Trx1 can regulate non-redox post-translational modifications. In the mice with cardiac-specific overexpression of Trx1, the proteomics study found that SET and MYND domain-containing protein 1 (SMYD1), a lysine methyltransferase highly expressed in cardiac and other muscle tissues, is also upregulated. This suggests that Trx1 may also play a role in protein methylation via regulating SMYD1 expression, which is independent of its oxidoreductase activity.

Plants have an unusually complex complement of Trx's composed of six well-defined types (Trxs f, m, x, y, h, and o) that reside in diverse cell compartments and function in an array of processes.

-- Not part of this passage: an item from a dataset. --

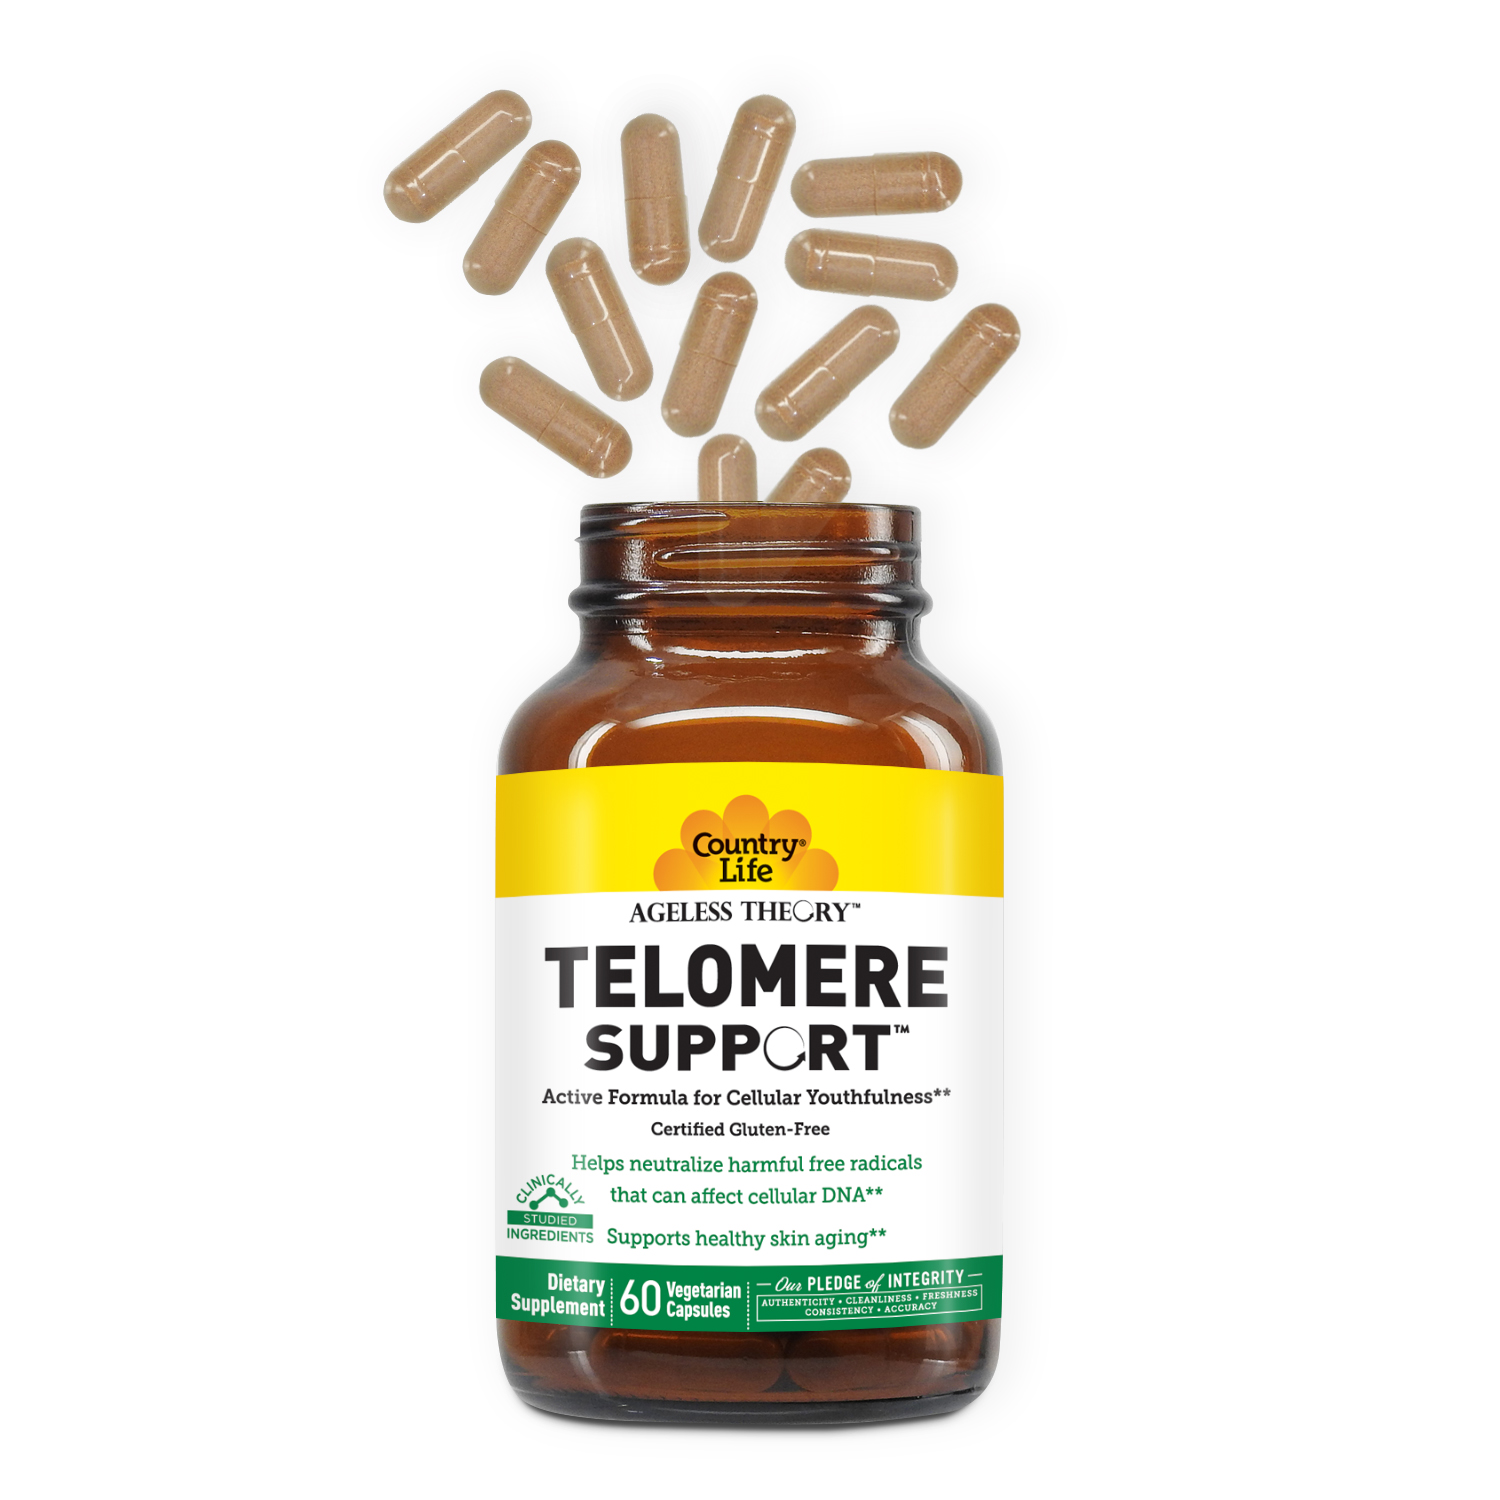 Ageless Theory™ Telomere Support™

Thioredoxin proteins move from cell to cell, representing a novel form of cellular communication in plants.
Protein folding studies on Thioredoxin revealed that a minimum peptide length of 83 residues is required to acquire secondary and tertiary structure as shown by Ghosal et.al in 1999.

== Interactions ==

Thioredoxin has been shown to interact with:
- ASK1,
- Collagen, type I, alpha 1,
- Glucocorticoid receptor,
- SENP1,
- TXNIP.
- NF-κB – by reducing a disulfide bond in NF-κB, Trx1 promotes binding of this transcription factor to DNA.
- AP1 via Ref1 – Trx1 indirectly increases the DNA-binding activity of activator protein 1 (AP1) by reducing the DNA repair enzyme redox factor 1 (Ref-1), which in turn reduces AP1 in an example of a redox regulation cascade.
- AMPK – AMPK function in cardiomyocytes is preserved during oxidative stress due to an interaction between AMPK and Trx1. By forming a disulfide bridge between the two proteins, Trx1 prevents the formation and aggregation of oxidized AMPK, thereby allowing AMPK to function normally and participate in signaling cascades.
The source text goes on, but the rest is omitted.